AI Infrastructure Firm Peak: More competition in the AI chip market has the potential to benefit all model makers in the long run, according to Roger Cummings, CEO of AIO.
Cummings told Business Insider that Openai’s diversification across Chip Companies is “a play for long-term resiliency and innovation,” and increasing competition will reduce supply chain risk and lower chip prices.

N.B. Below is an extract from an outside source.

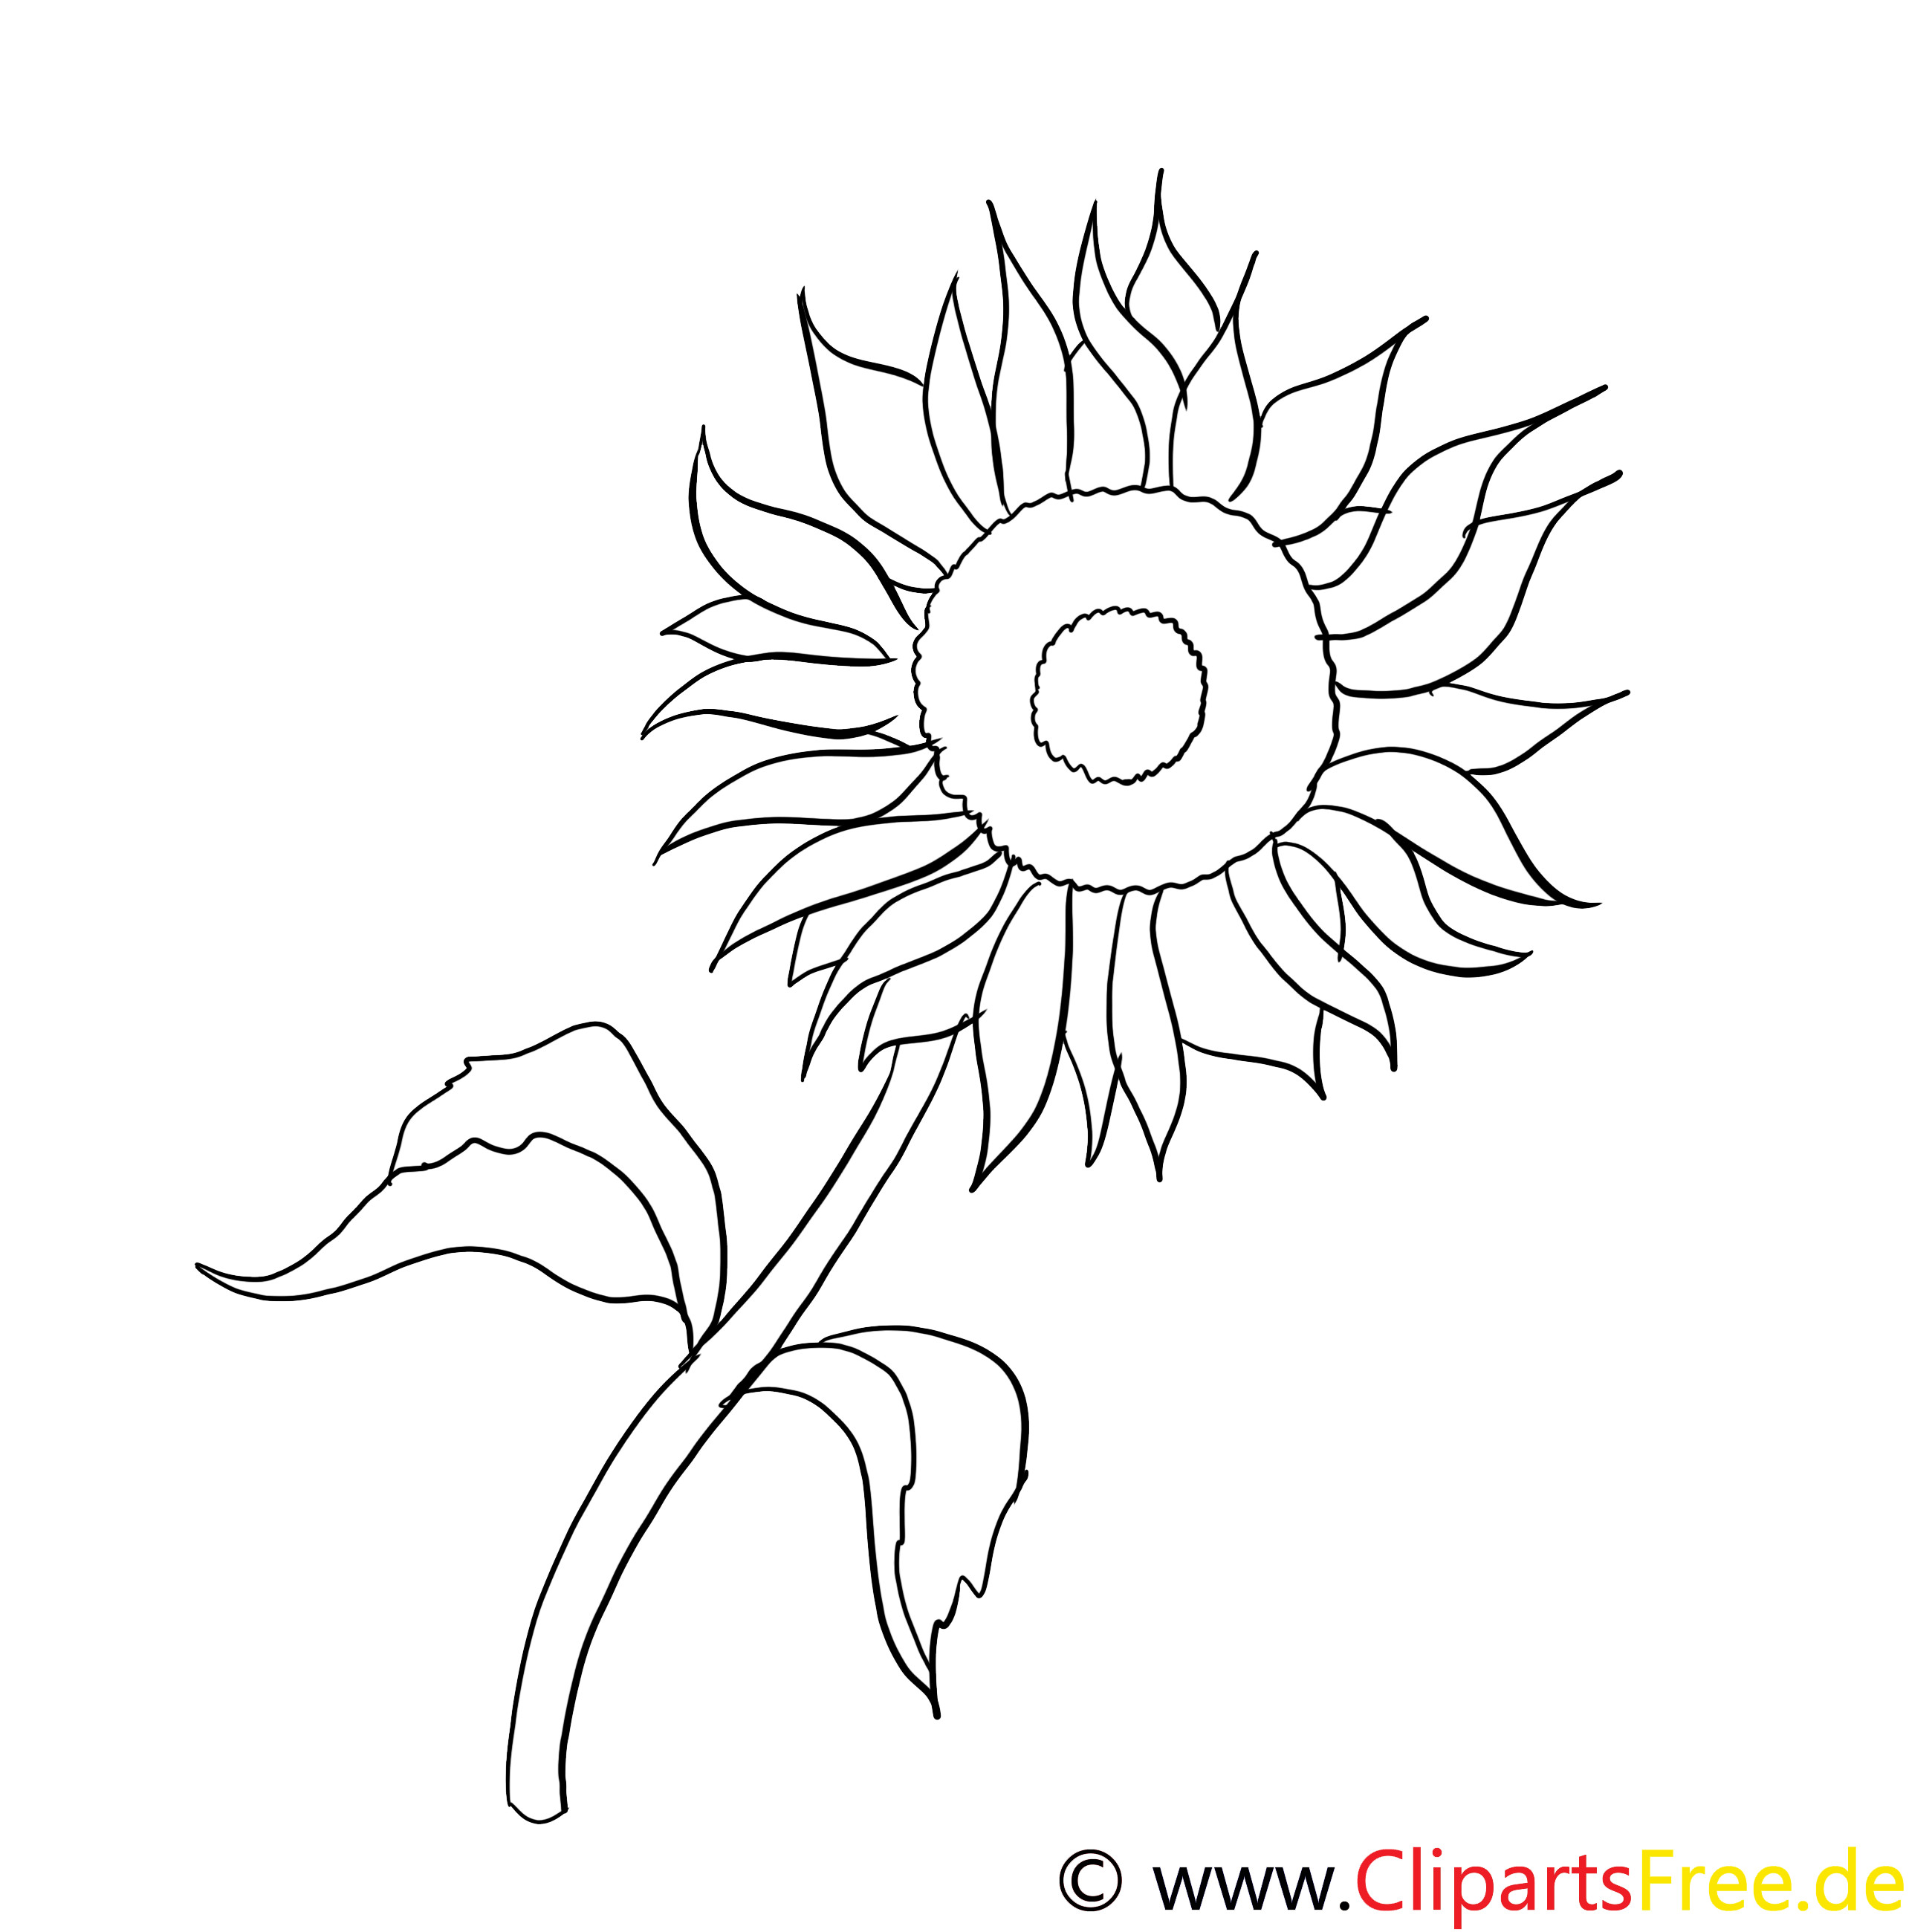 Sonnenblume Malvorlagen Kostenlos
 Sonnenblume Malvorlage kostenlos

Also, by striking deals with chip designers like AMD, Openai can hedge its dependence on Nvidia and spread risk into its supply chain, which is vulnerable to geopolitics and natural disasters.
AMD will catch up
AMD has been playing catch-up to Nvidia in the AI race for years. While the company has loyal customers and a thriving CPU business, its foothold in the world of AI Compute is more tenuous. A splashy deal with a company often called the frontrunner of the AI race is cool for chipmakers, according to Futurum Group CEO Daniel Newman.
“No single source can solve infrastructure demands, and what we are successful with in AI efforts will be invaluable in meeting the growing demand for AI infrastructure,” Newman said.
This deal also gives AMD a significant pipeline boost. AMD Chief Financial Officer Jean Hu said the deal is expected to provide the company with “tens of millions of dollars in revenue.”
While Nvidia’s investment in Openai was largely seen as support for Nvidia’s dominance of ChatGpt and its broader roadmap, Monday’s deal provides AMD with a bigger boost.
“Sam Altman has a huge incentive, the way this deal is structured, to succeed at AMD,” Newman said.
It all depends on Openai
In addition to investing in competition among shipmakers, these long trades also serve as a cordial demand signal. Or at least that’s what everyone involved hopes.
I’m worried that the bubble of AI hype is seeping through the summer and into the fall. Deals like this, and Nvidia’s eye-watering $100 billion investment in Openai last month, signal to the broader market that the infrastructure buildout of GPU-filled data centers is here to stay.
“The size of the investment underscores confidence in Openai’s long-term trajectory,” Bank of America’s Justin Post wrote earlier this month in response to Nvidia’s investment in Openai.
That said, while concerns about one chipmaker holding the future of AI may be waning, Openai’s dominance is growing.
These deals are only good business if Openai continues to grow. So, according to Bernstein’s Tongue’s Stacey Rasgon, Altman “has the power to either crash the world economy for a decade or take us to the promised land, and we don’t know which is in the cards right now.”